Data provided:
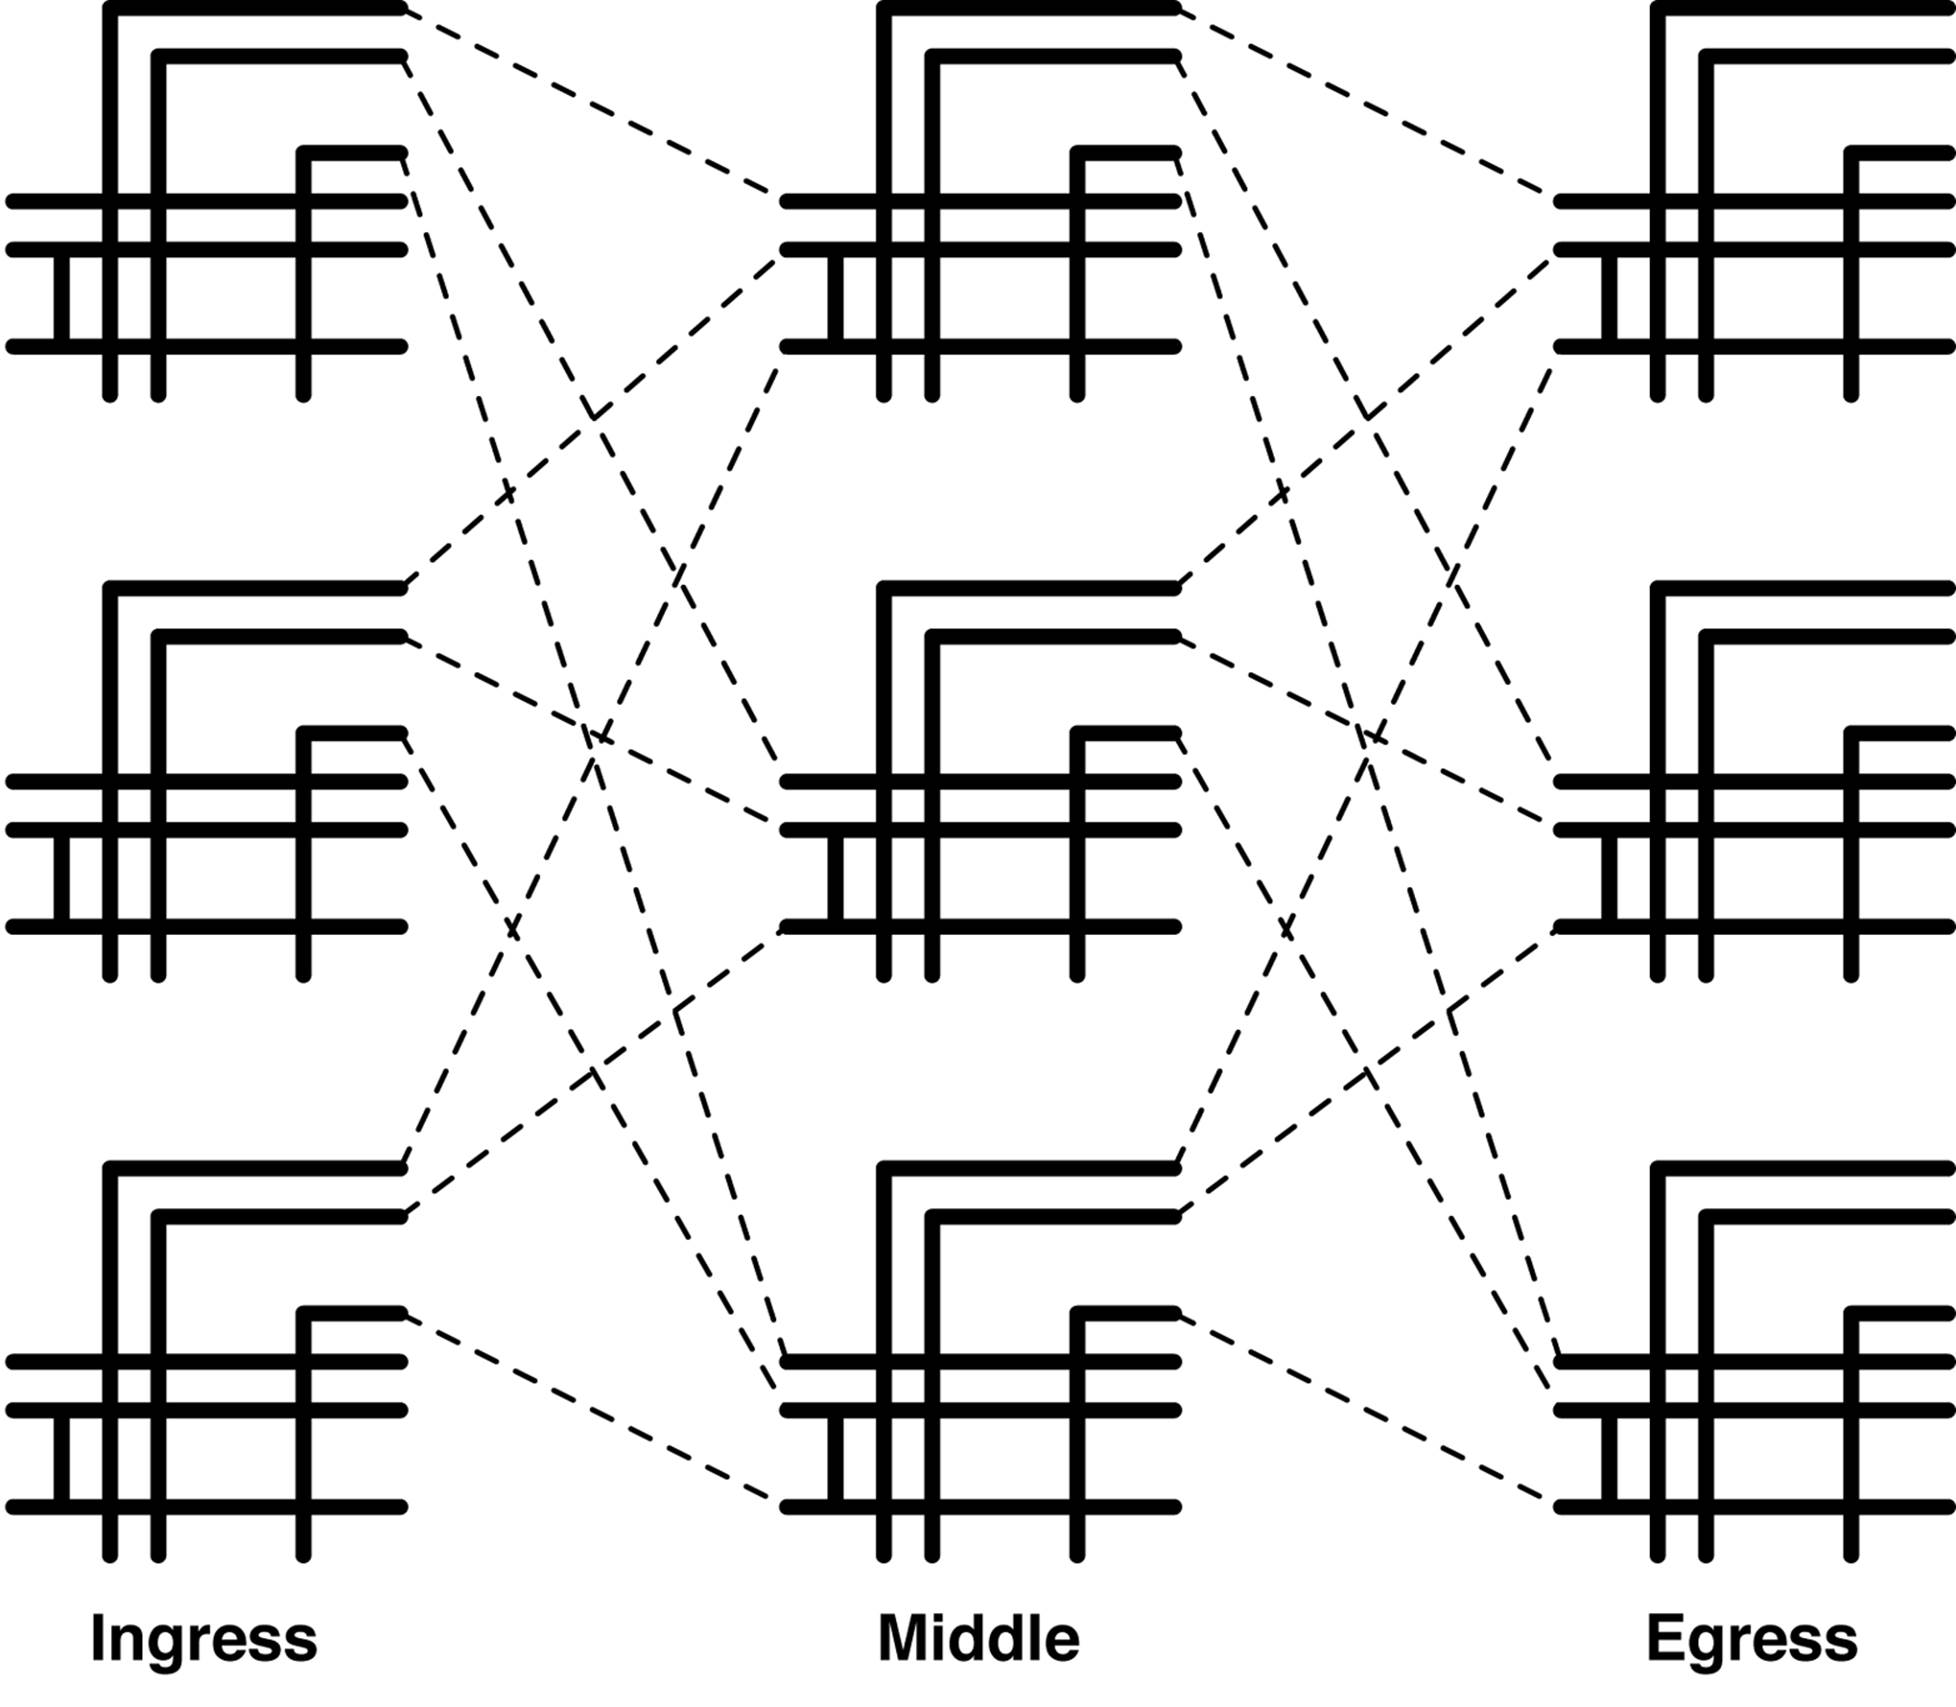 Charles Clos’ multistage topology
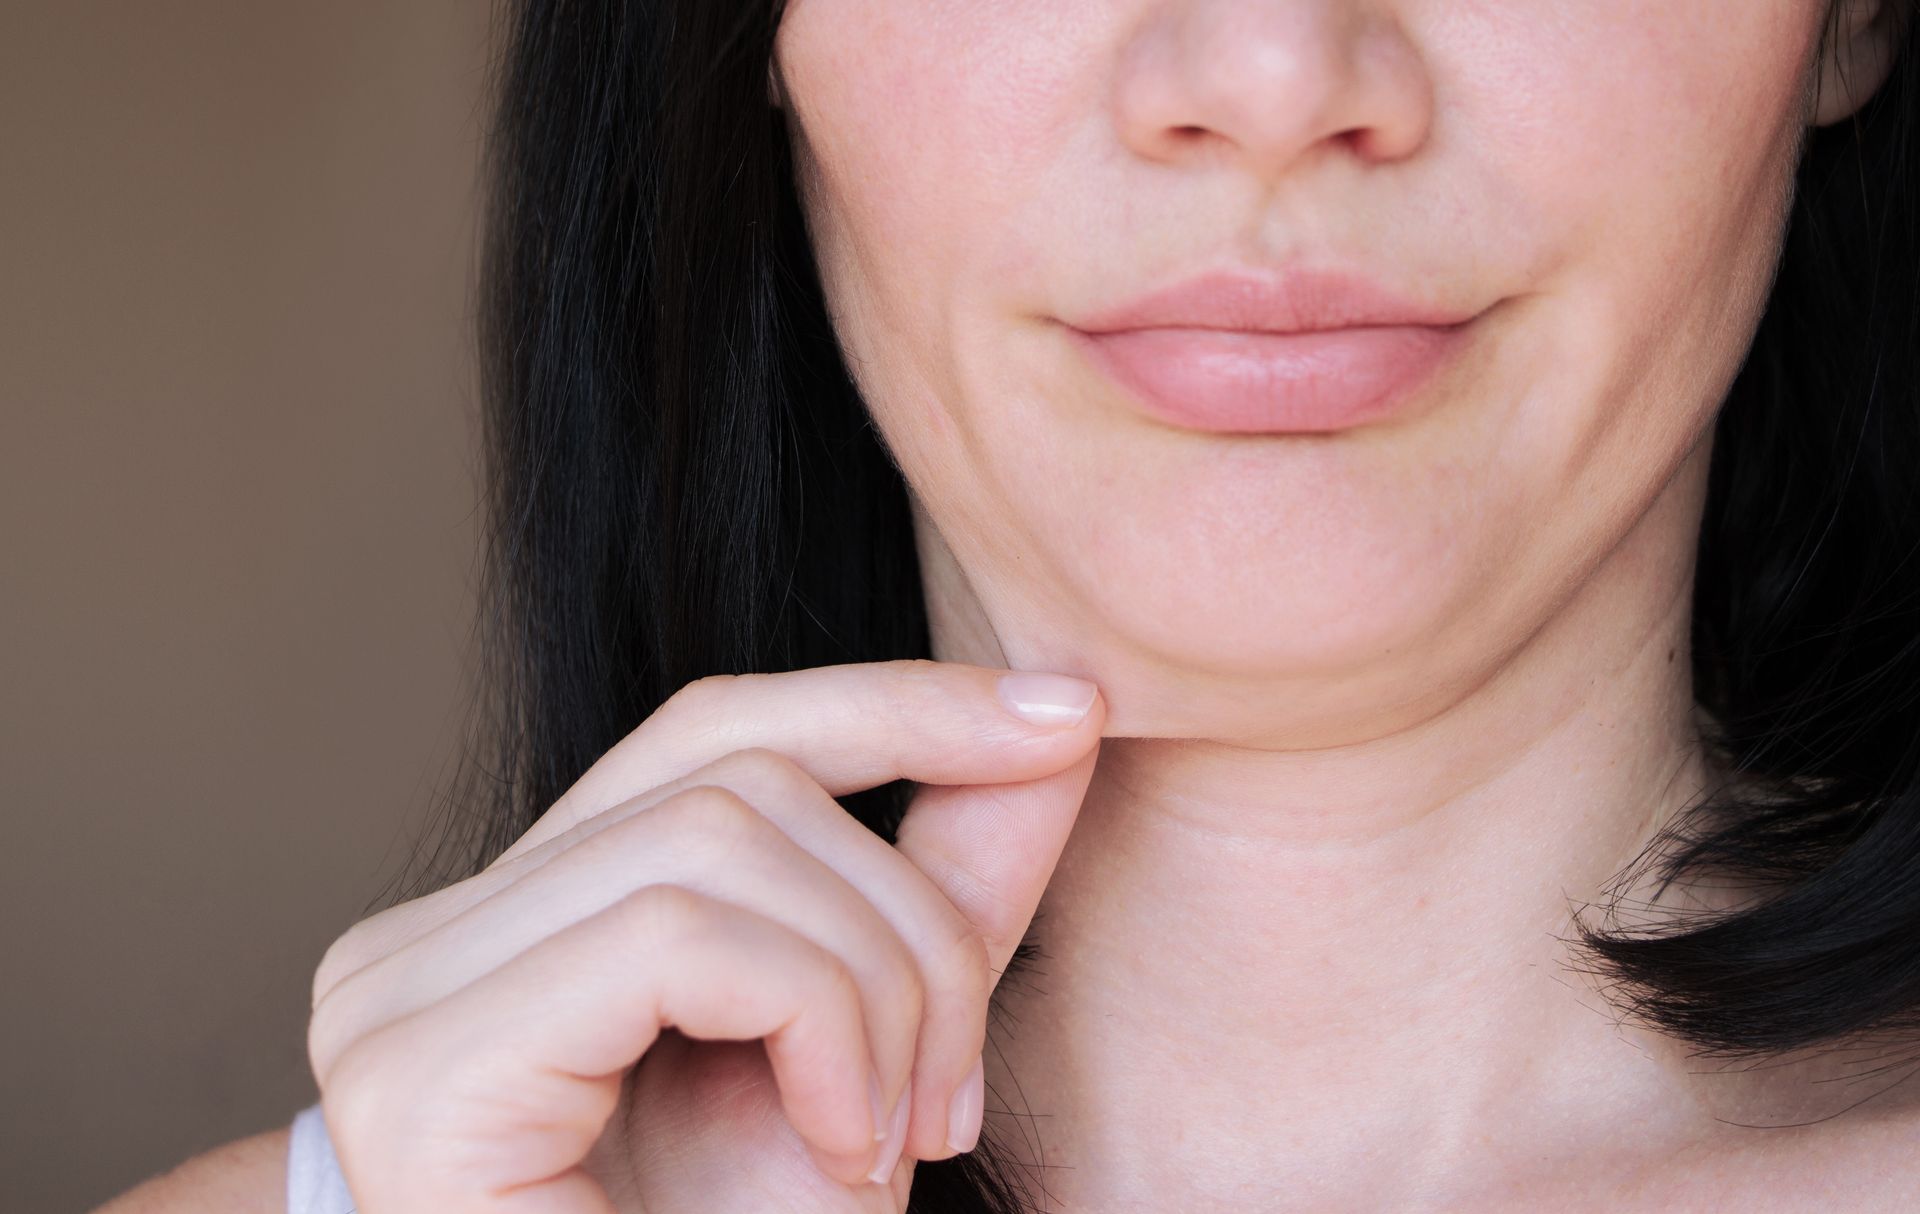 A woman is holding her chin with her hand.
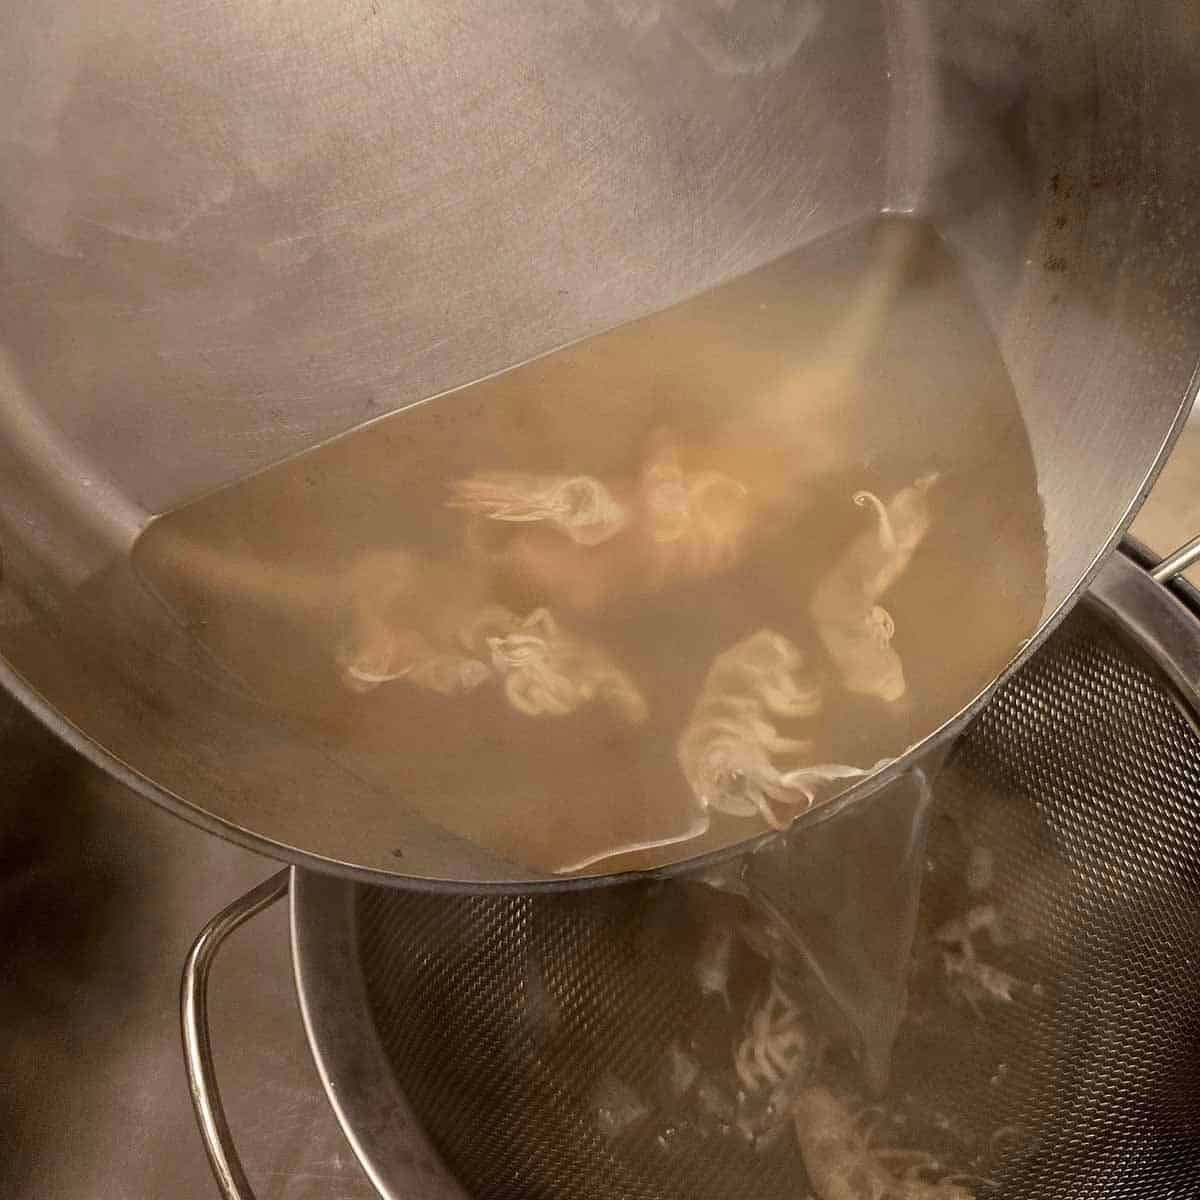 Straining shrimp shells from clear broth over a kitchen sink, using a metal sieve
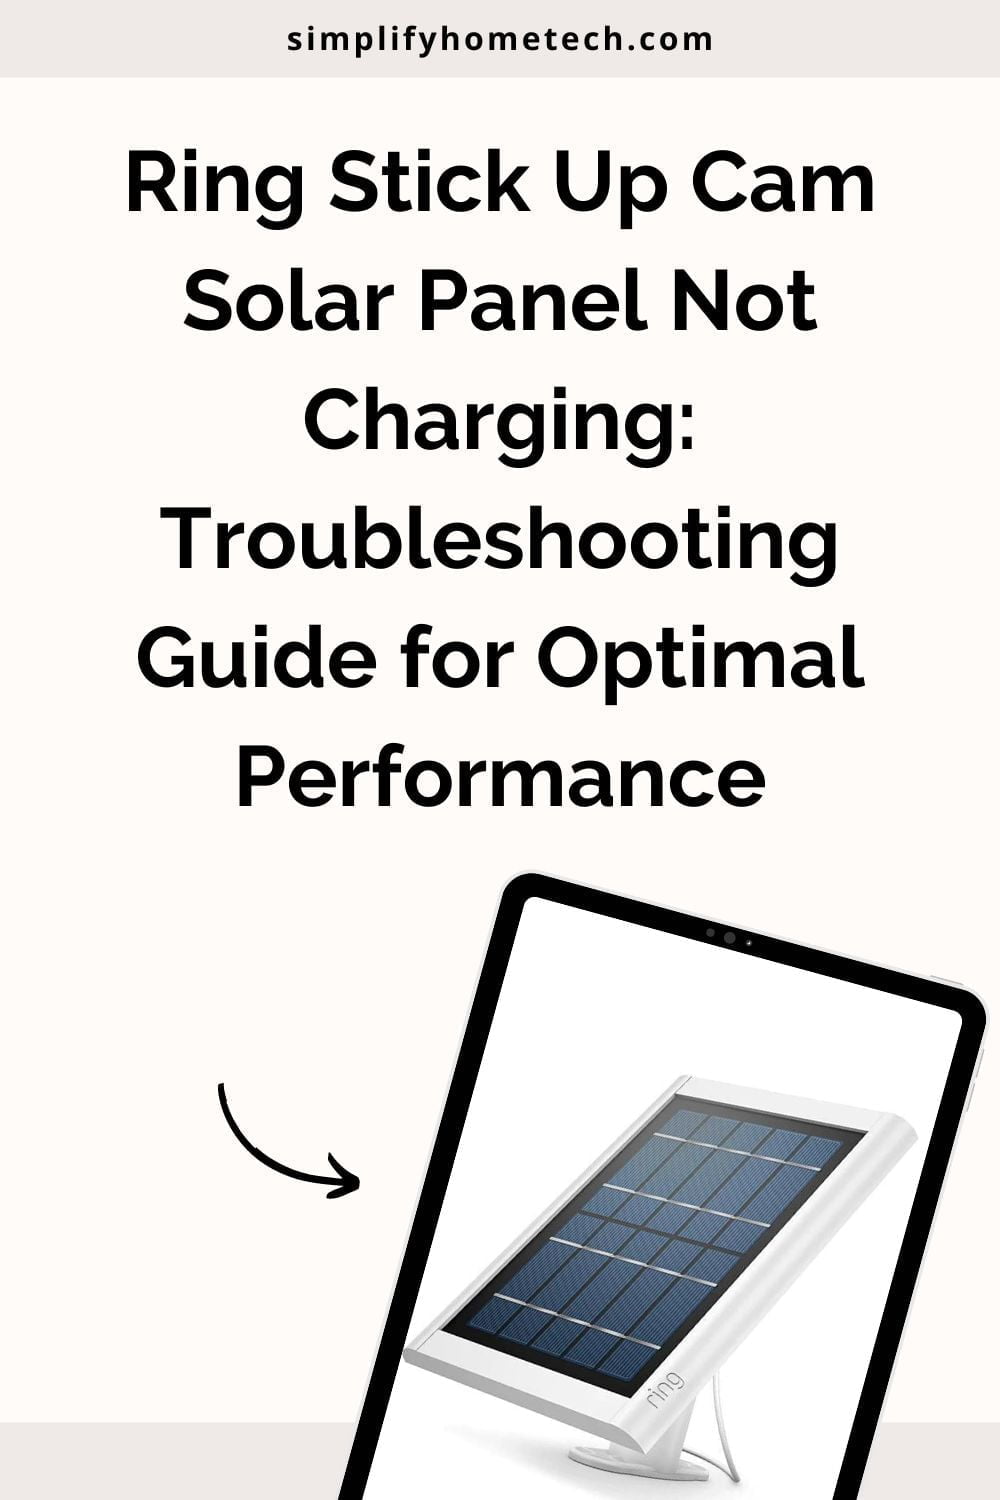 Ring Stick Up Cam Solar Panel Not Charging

Exercise:
Reproduce the data word for word; no pictures.

Written solution:
 Charles Clos’ multistage topology
 A woman is holding her chin with her hand.
 Straining shrimp shells from clear broth over a kitchen sink, using a metal sieve
 Ring Stick Up Cam Solar Panel Not Charging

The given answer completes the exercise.